将C末端截短的STAT2突变体与野生型STAT2共同表达，以探究同源二聚化。观察到不完全的细胞质共定位，以及与其他STAT家族成员形成稳定二聚体的相关系数比不互作的单体STAT6高。

为了检查其他五种STAT的同源二聚体化，将STAT4、STAT5A、STAT5B和STAT6与它们各自的NES标记相伴侣。STAT6无法在胞质中积累，STAT4、STAT5A和STAT5B与它们的NES标记等位物共定位。

STAT6的表现则明显不同，它没有胞质共定位，因此rP值仅为0.41。为了评估STAT2的同源二聚体化，使用了C端截短的变异体STAT2ΔC，该变异体具有强烈降低的内源性核出口活性。

1. 端在STAT2的有效构成性核出口中是必需的。
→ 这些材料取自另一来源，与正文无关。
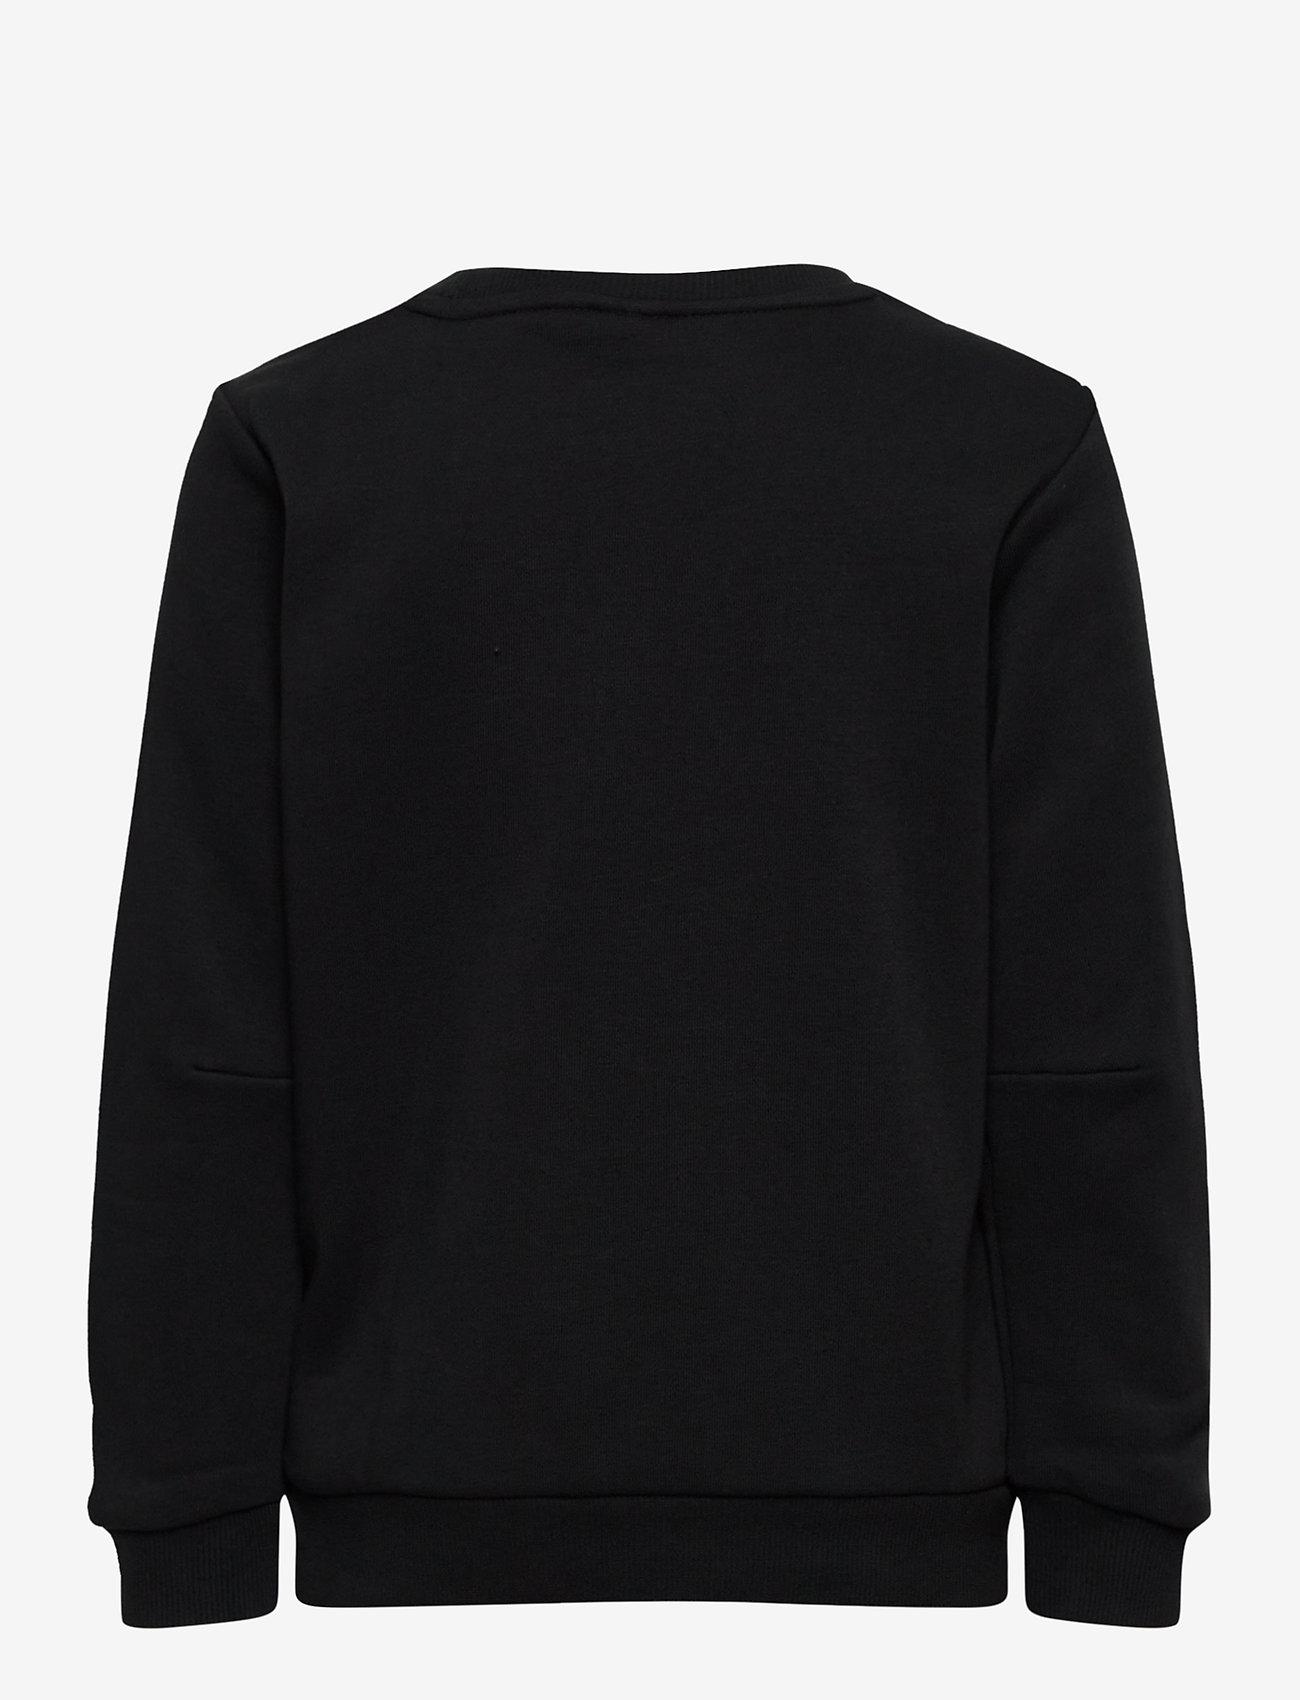 adidas Performance - JB MH CREW - sweatshirts - black/white - 1

该区域似乎可被省略用于STATs的二聚体化，包括使用STAT1-NES和STAT2作为引子证明的U-STAT2ΔC和U-STAT1的异二聚体化。

STAT2突变体与野生型STAT2一起共表达，以探究U-STAT2同源二聚体化。观察到不完全的胞质共定位和相关系数，该值与其他STAT家族成员的稳定二聚体相比显著降低，但高于不相互作用的单体STAT6。

四 潜在STAT蛋白质的自组装

未磷酸化的STAT二聚体采用一个与N-端交互有关的反向平行构象 。N-端的缺失，甚至是单个N-端点突变，都导致二聚体的解离。对于STAT1来说，N-端残基苯丙氨酸77和亮氨酸78被证明是组装未磷酸化二聚体的关键，亮氨酸78也是STAT3和STAT4 的关键残基，STAT2和STAT5B的同源N-端残基突变，以研究哪些未磷酸化的STAT二聚体具有相同的N-端交互依赖性。

所有七种同源和异源二聚体在突变相同的N-端侧链后都不稳定，U-STAT二聚体采用相似的N-端介导构象。对于U-STAT1：STAT2异源二聚体，突变的解离效应相对较弱，这表现在其rP值的相对降低。这表明这种STAT二聚体采用了一个异常稳定的构象。

比较不同U-STAT二聚体之间的结合强度，表达了带有不同定位信号的STAT蛋白。PKI NES信号被认为是更强的信号，因为在同时添加这两个信号时，蛋白质会积累在细胞质中。

将不同的USTAT二聚体暴露于这些相反的转位信号中，揭示不同二聚体之间结合强度的差异。五种同源二聚体和异源二聚体表现出相同的行为，即根据其相应的定位信号定位于细胞核或细胞质，并且二聚体会解离。U-STAT1二聚体独特地抵抗解离，即使STAT2定位于细胞核，仍然会在细胞质中共定位。

当STAT2的热点界面残基L82突变为丙氨酸时，U-STAT1二聚体的结合强度降低，导致STAT1和STAT2完全分离。C端修饰的STAT2可以去除其不为人知的NES活性，并用已知的PKI NES活性替换。

使用药物抑制剂leptomycin B来阻断STAT2通过CRM1介导的核出口活性，没有共表达STAT1-NLS，两个STAT仍然保持在细胞核中共定位。leptomycin B处理导致STAT2分布在全细胞而不是在细胞核内积累，这与持续的非载体介导的核出口能够抵消STAT2的固有细胞核内定位活性一致。未磷酸化的STAT1和STAT2的异二聚体是通过特别强的结合相互作用来区分的。

蛋白搭载分子的结合强度不同是与体外测量的结合亲和力和在活细胞中观察到的运输活性通常很相关。非载体蛋白的相互作用也可能起到决定性的作用，强度平衡通常对于确定可溶性蛋白的稳态定位至关重要。在形成二聚体的STAT蛋白中添加了一个对立的信号序列。

五 结论

未磷酸化的STAT1和STAT2之间有着异常强的结合相互作用。全长STAT2同源二聚体或与STAT1形成的异源二聚体的体外结合亲和力。它们的N-域形成的异源二聚体具有非常高的亲和力，其解离常数在低纳摩尔范围内，超过全长U-STAT1同源二聚体的亲和力。同源的STAT2 N-域相互作用则弱了数千倍，在细胞中观察到的U-STAT2同源二聚体的缺失相符。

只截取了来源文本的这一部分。